**** Data below
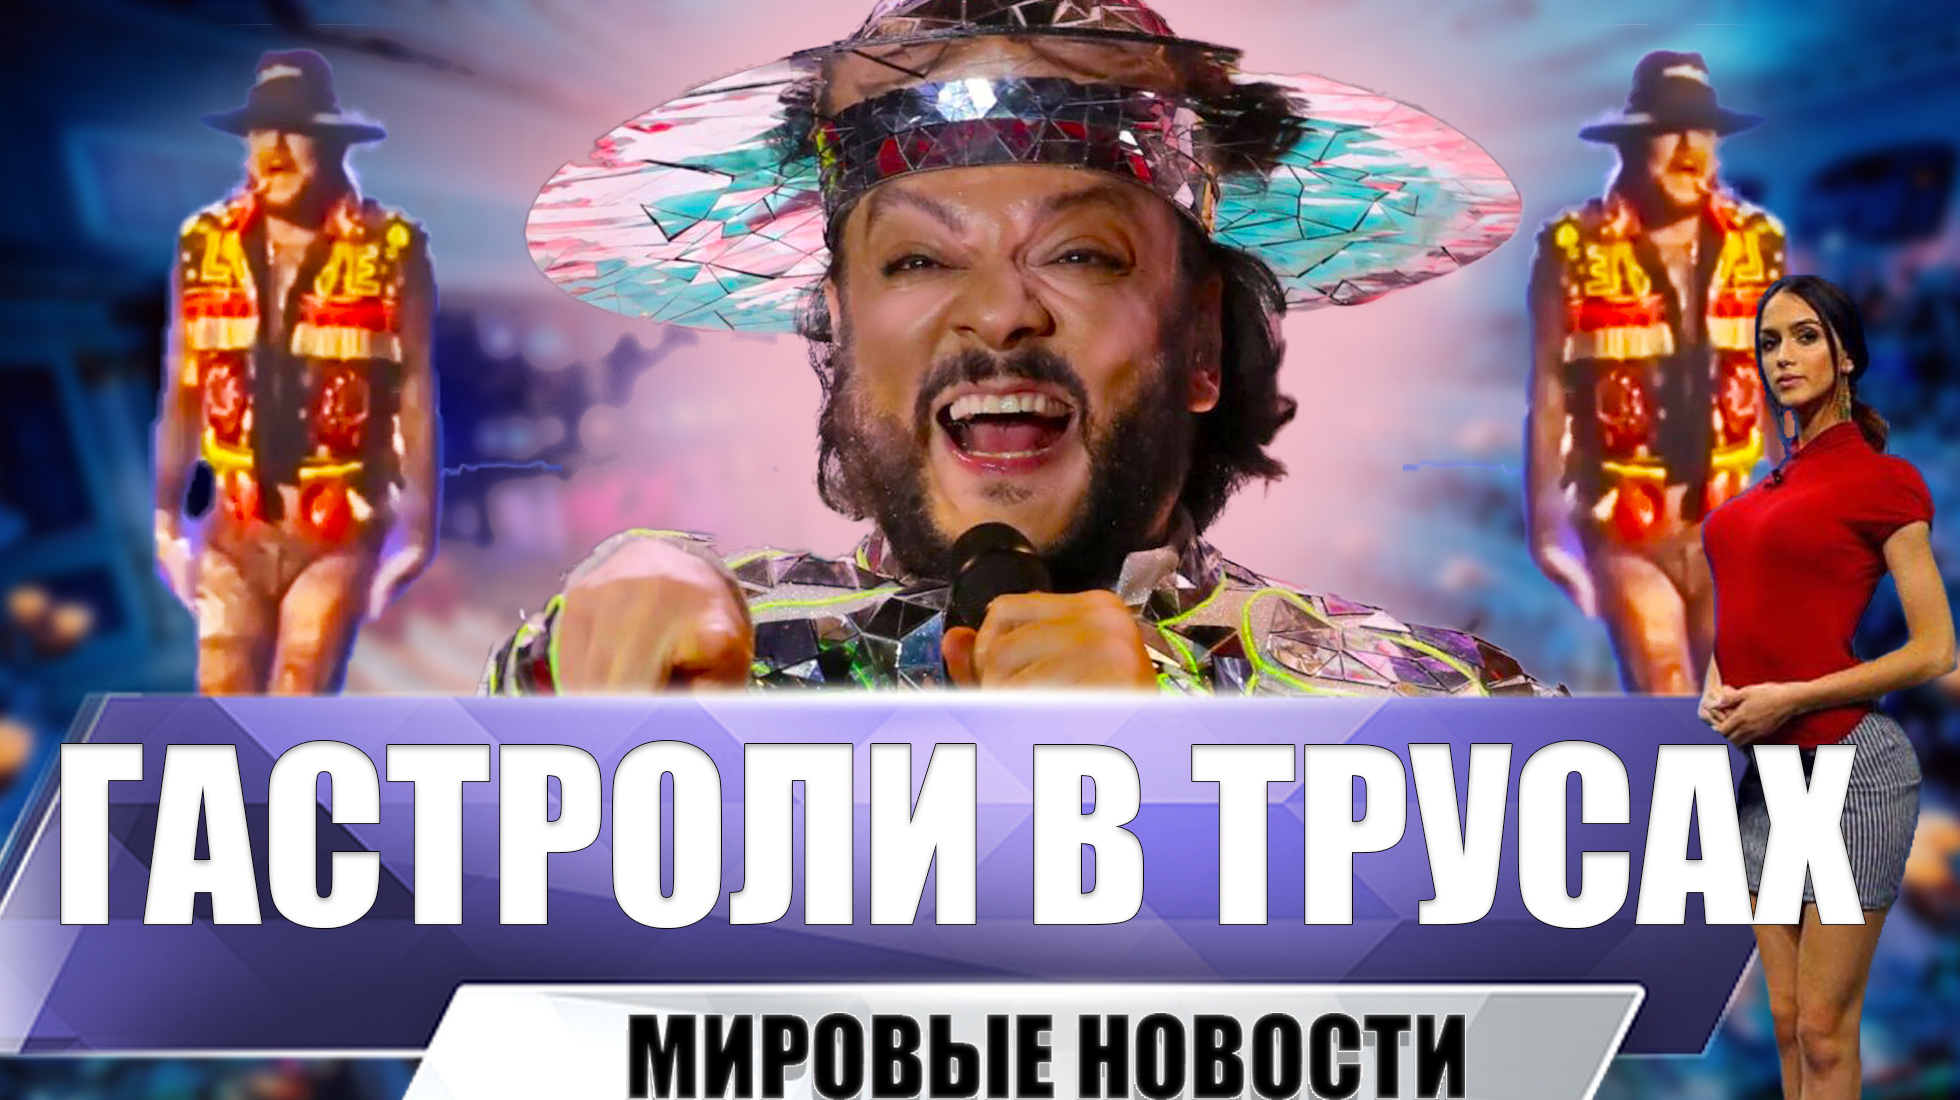 выступление киркорова в казахстане в прозрачных колготках
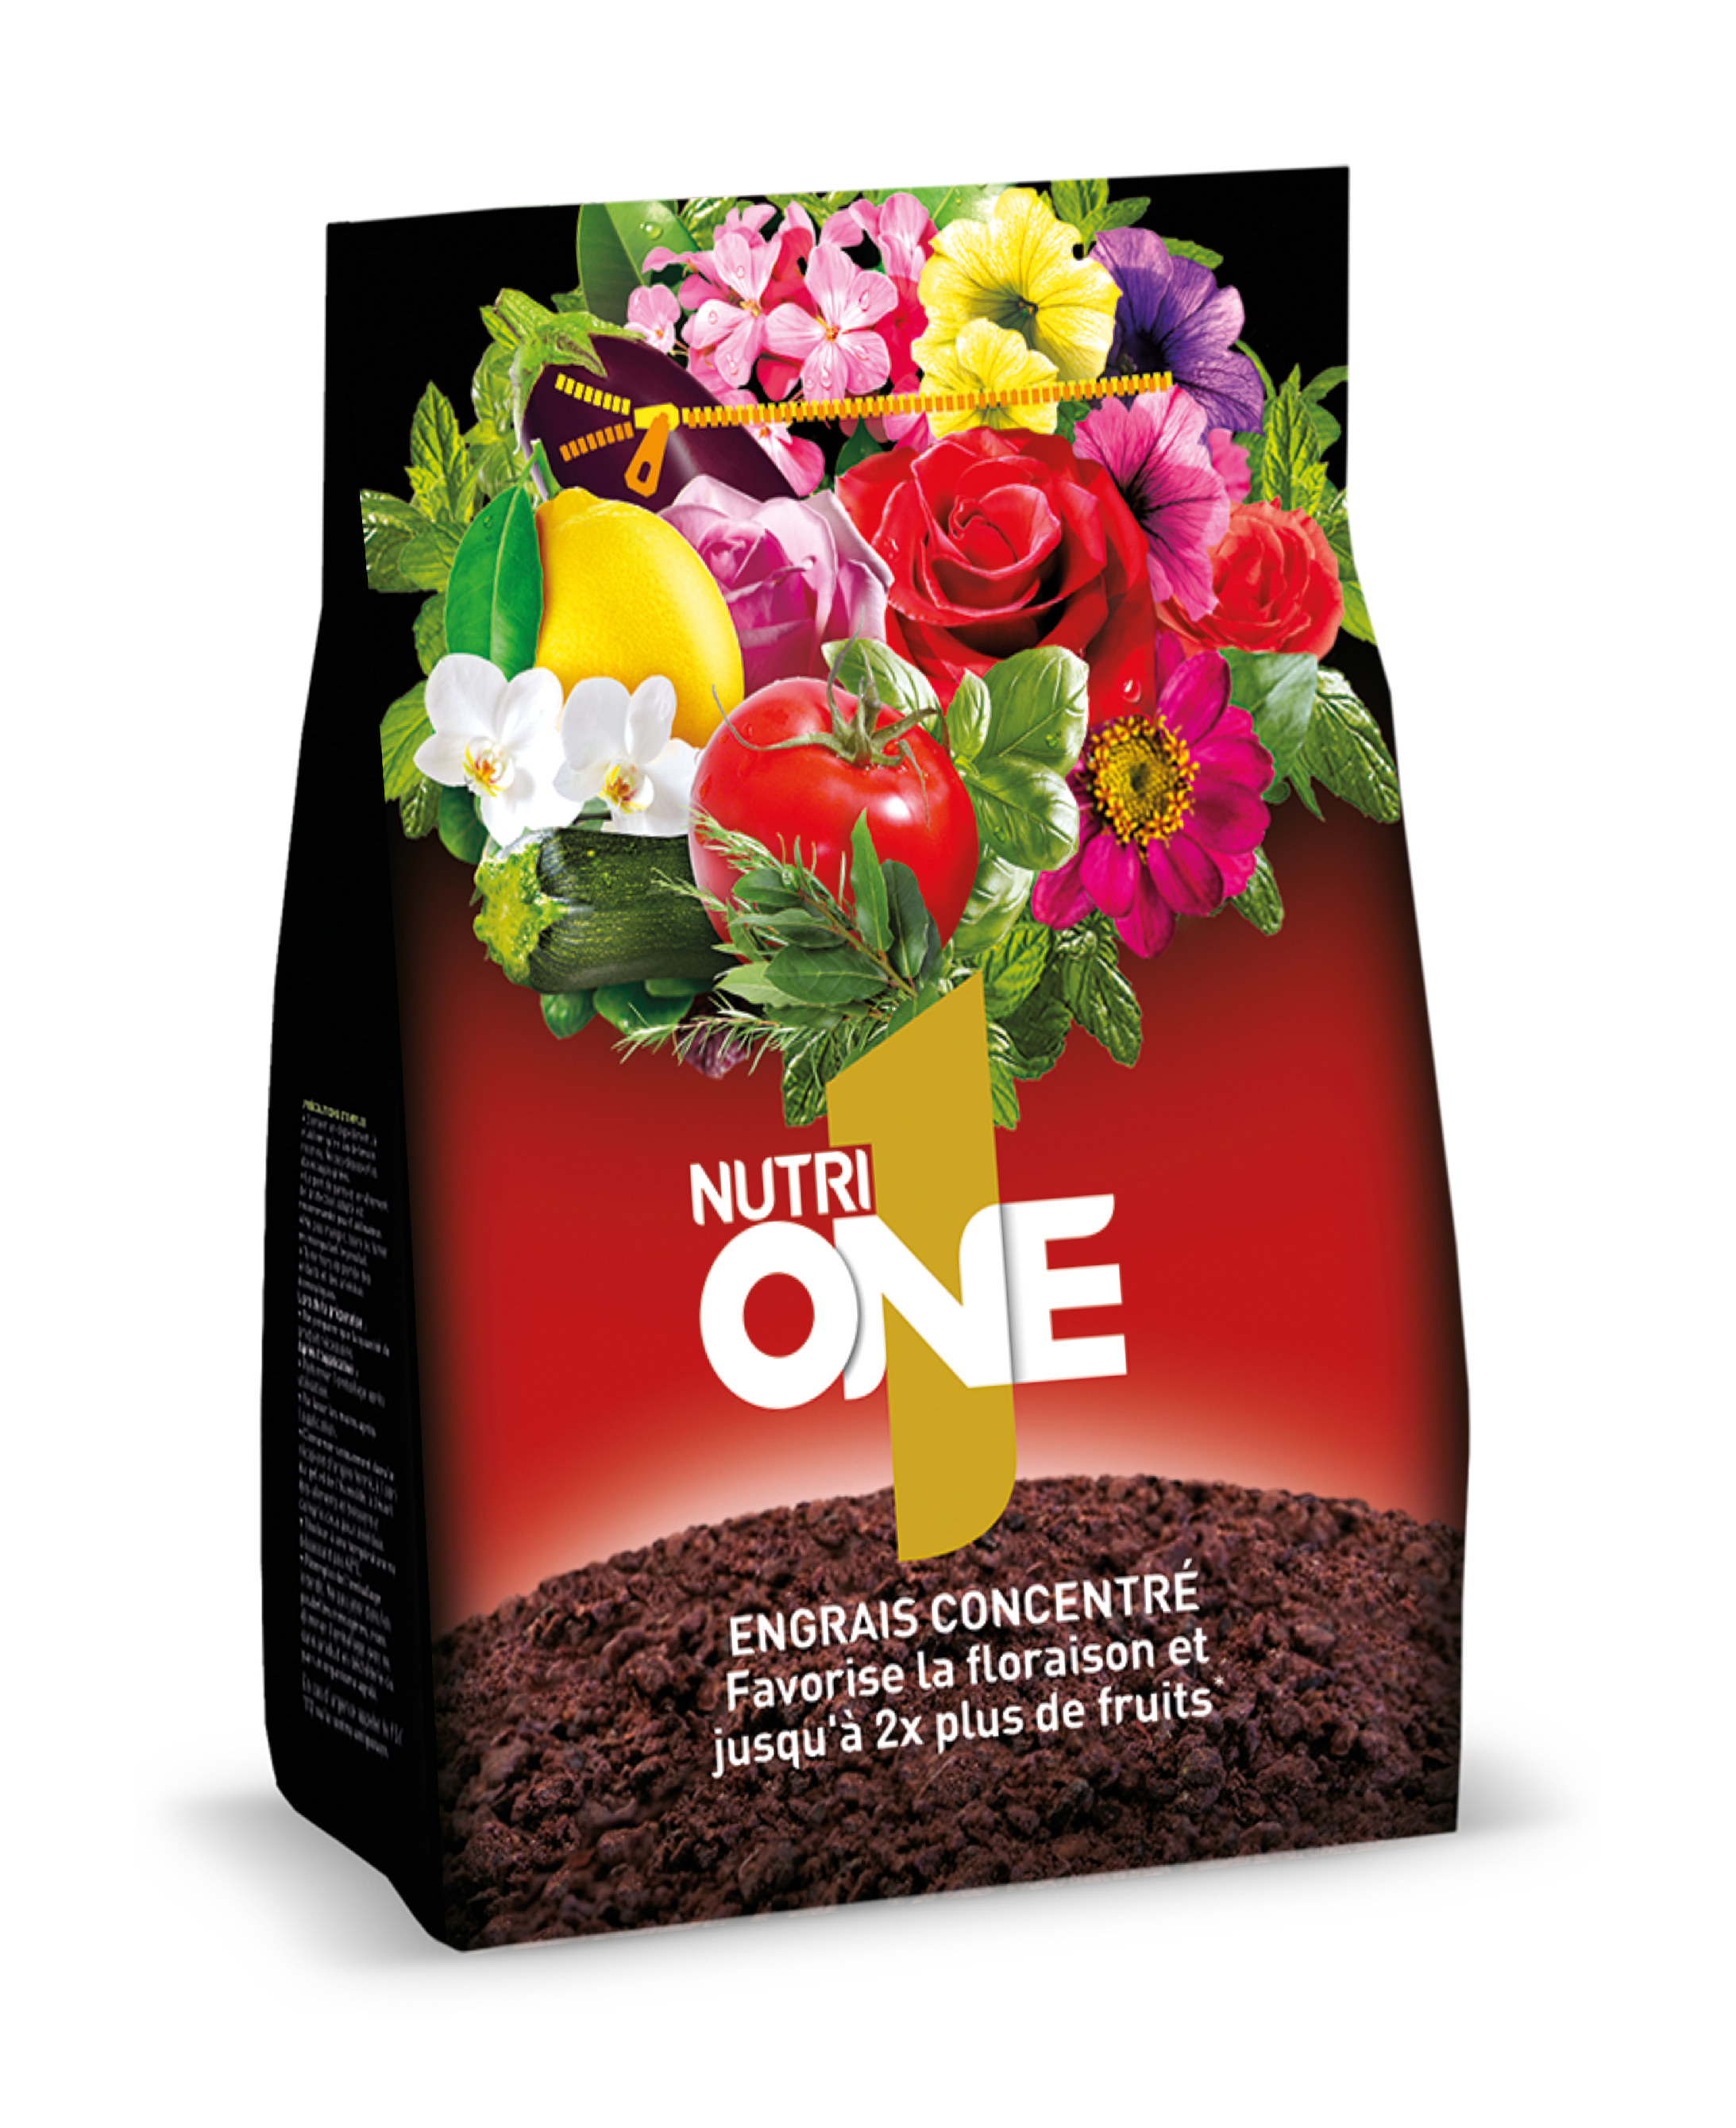 Onegra1 | engrais granule | 1kg | pour une bonne floraison et de belle
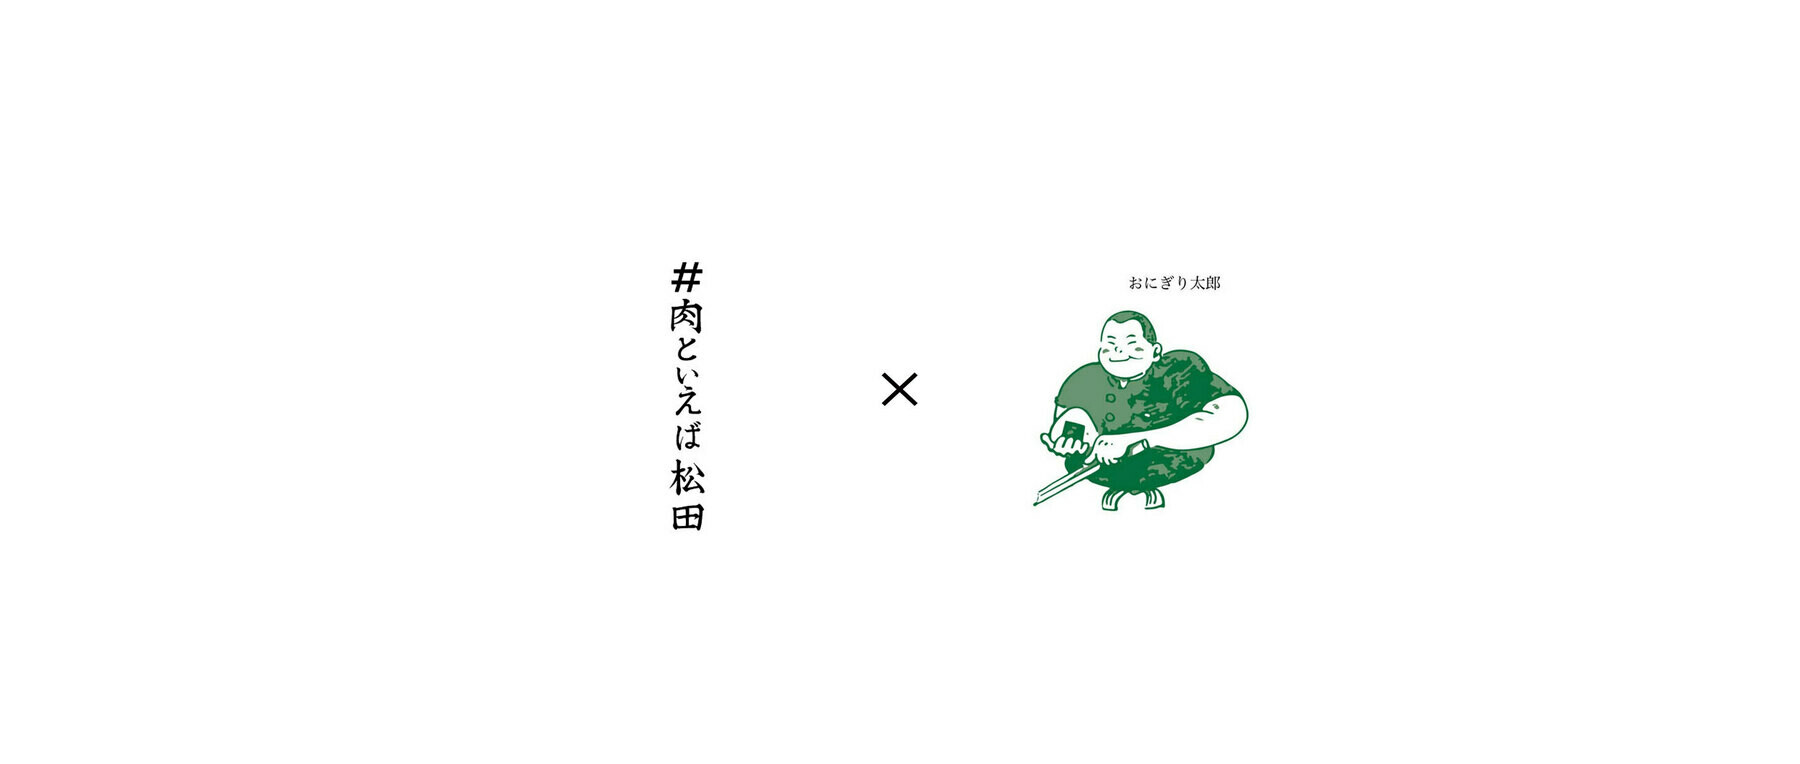 【受付終了】#肉といえば松田×おにぎり太郎のカバー画像
********
Brief:
Exclude every image and return the material above exactly.

Your solution:
 выступление киркорова в казахстане в прозрачных колготках
 Onegra1 | engrais granule | 1kg | pour une bonne floraison et de belle
 【受付終了】#肉といえば松田×おにぎり太郎のカバー画像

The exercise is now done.